# Exercise instructions
Pictures are to be dropped, and only the lines from the one containing "Winter park. Snow on a tree branch." through the end of the data below are to be reproduced as written.

# Provided material
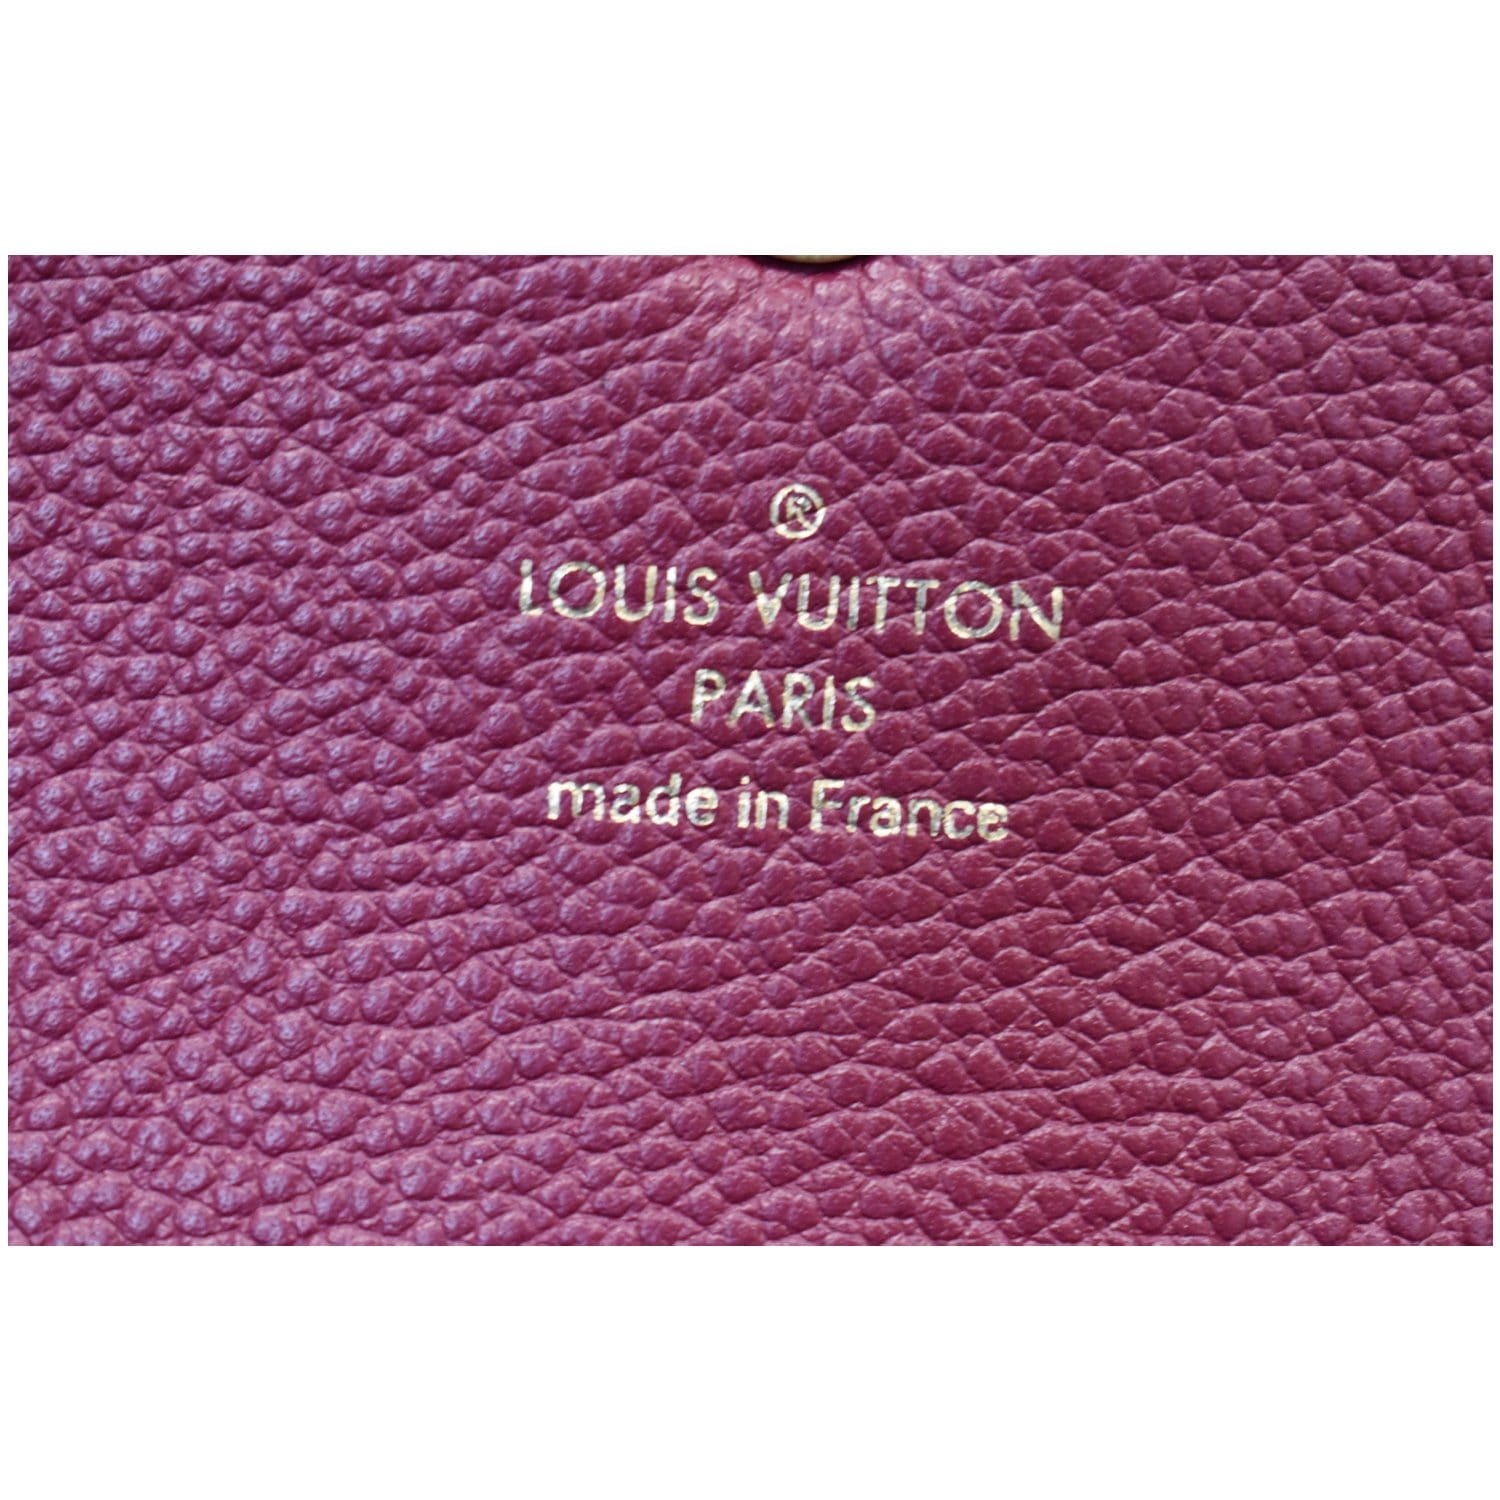 Clapton cloth wallet
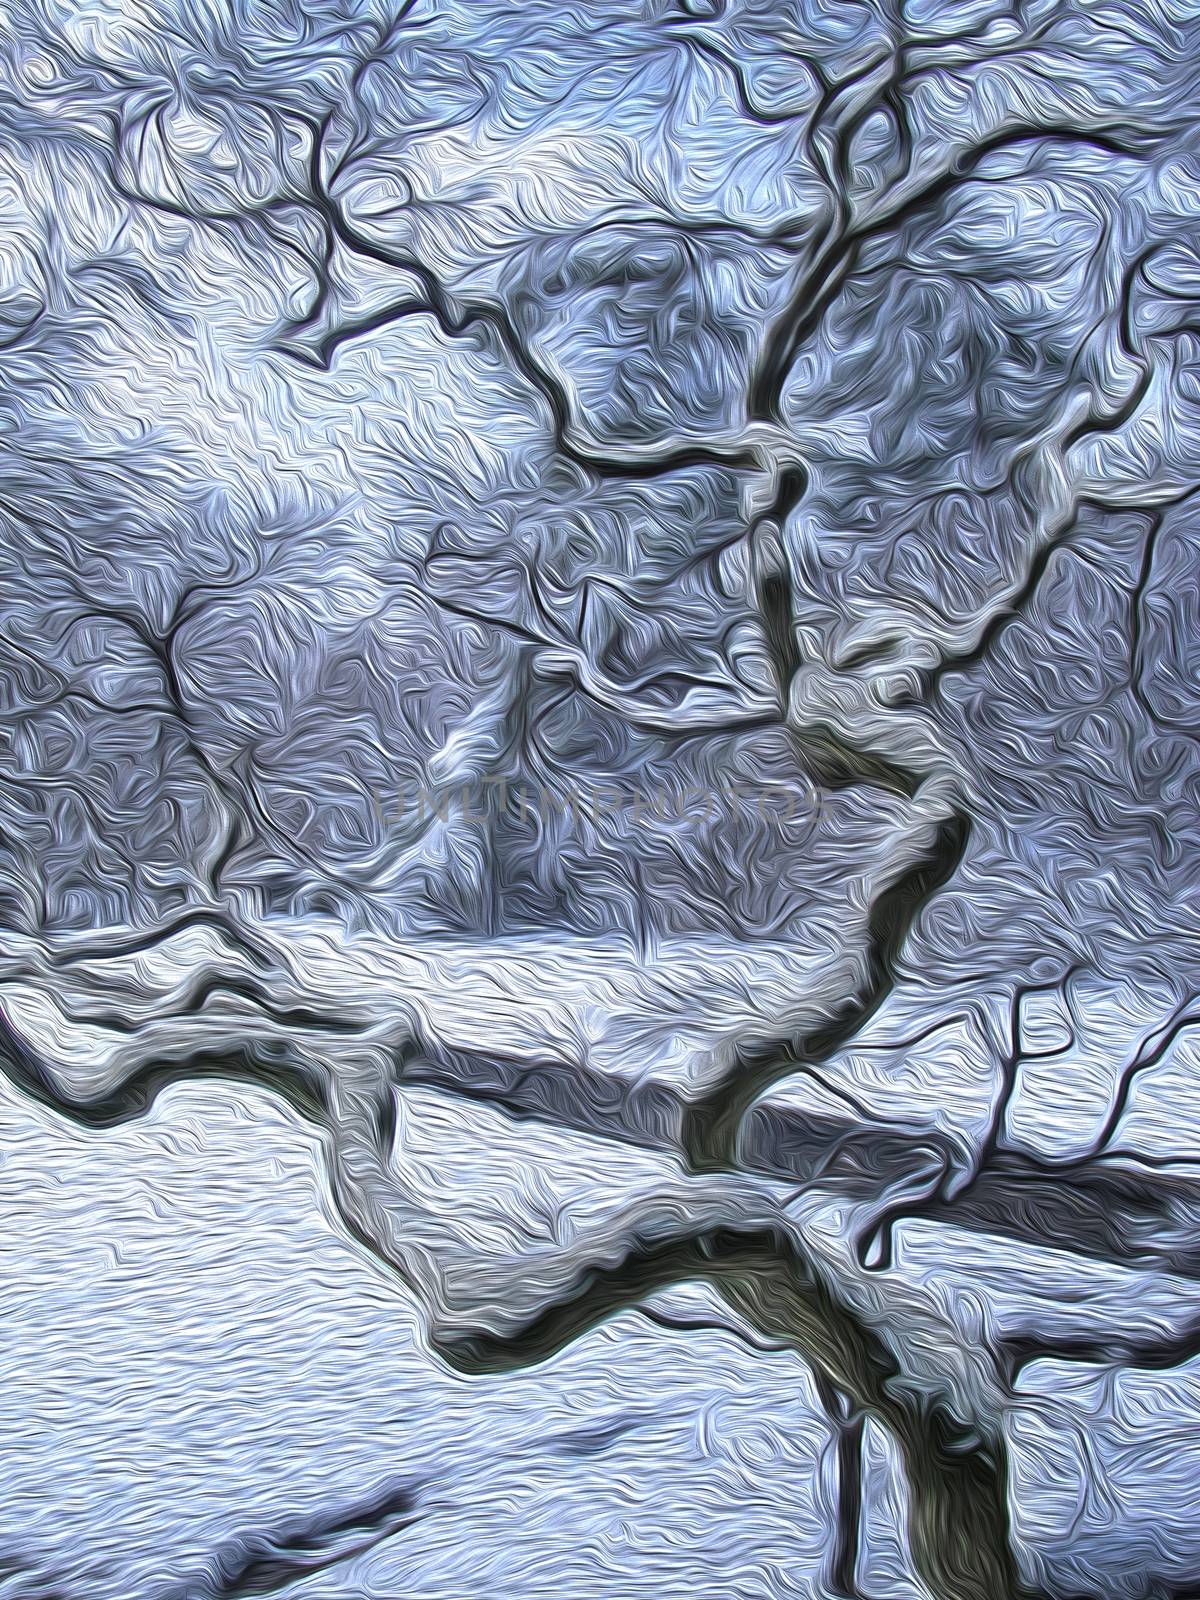 Winter park. Snow on a tree branch.
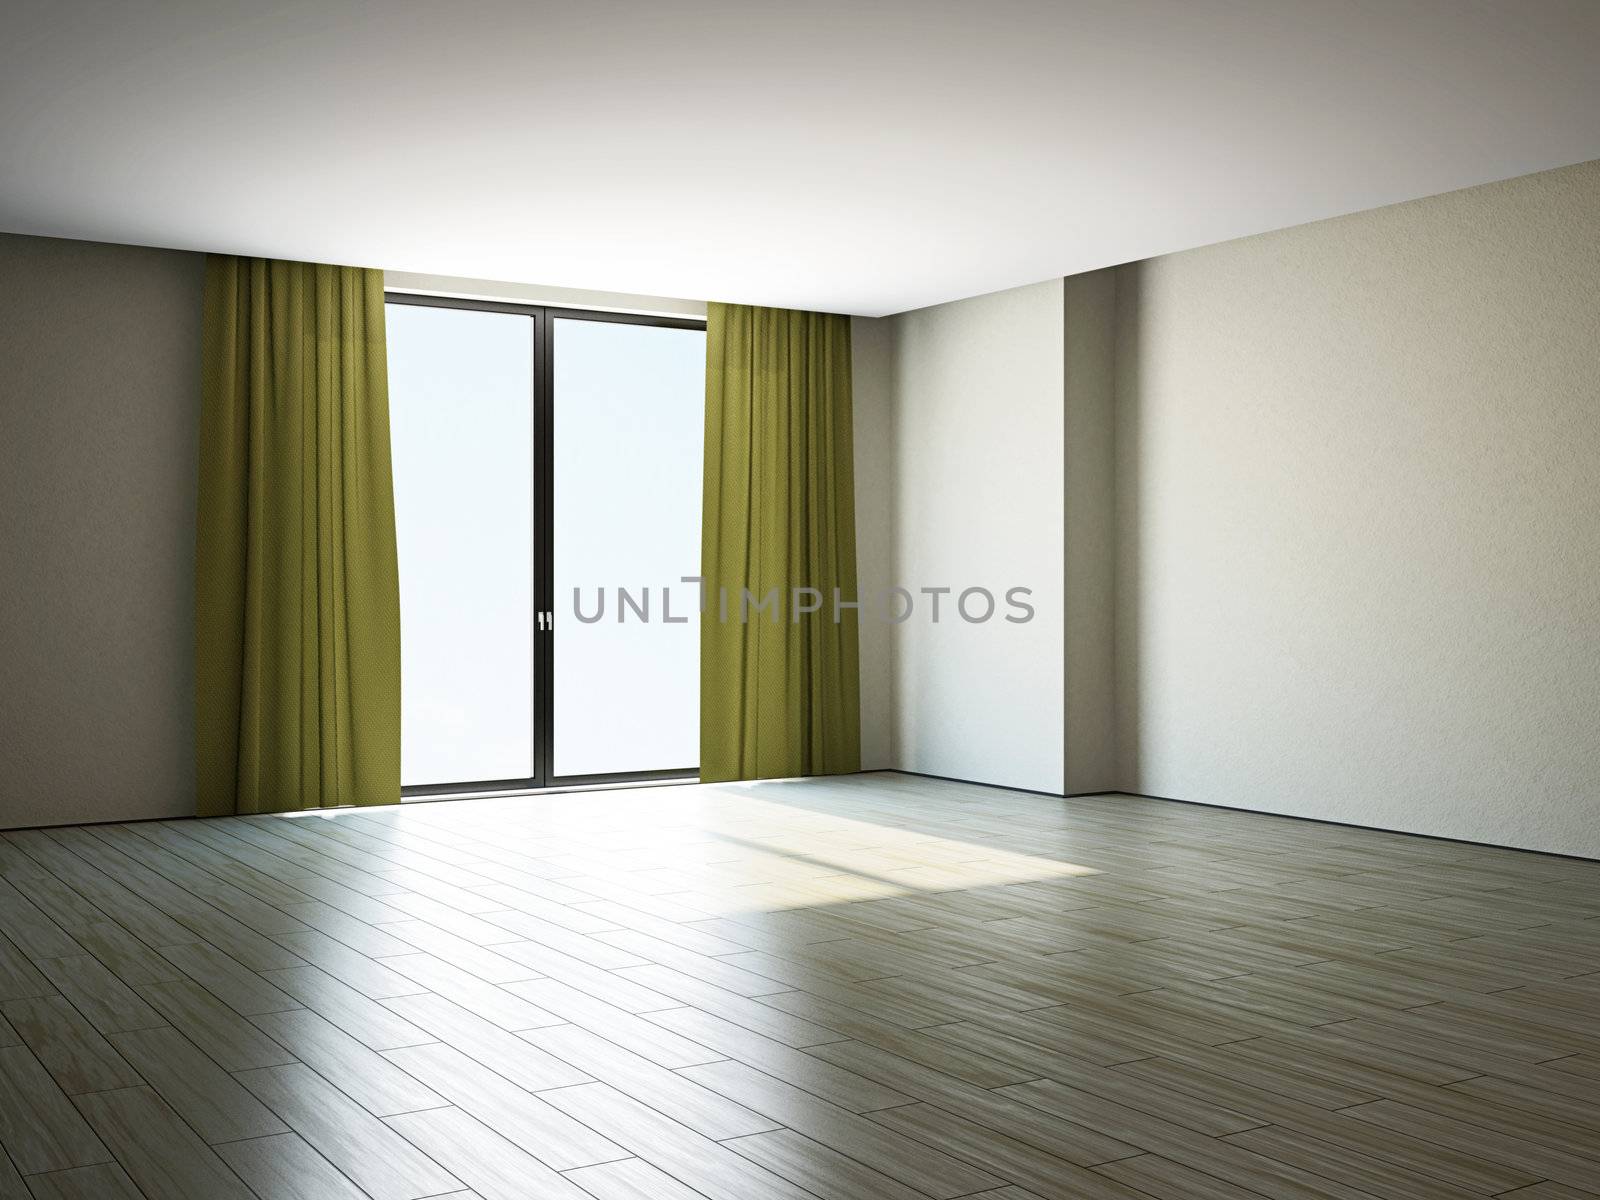 The empty room with big panoramic window

# Solved exercise
 Winter park. Snow on a tree branch.
 The empty room with big panoramic window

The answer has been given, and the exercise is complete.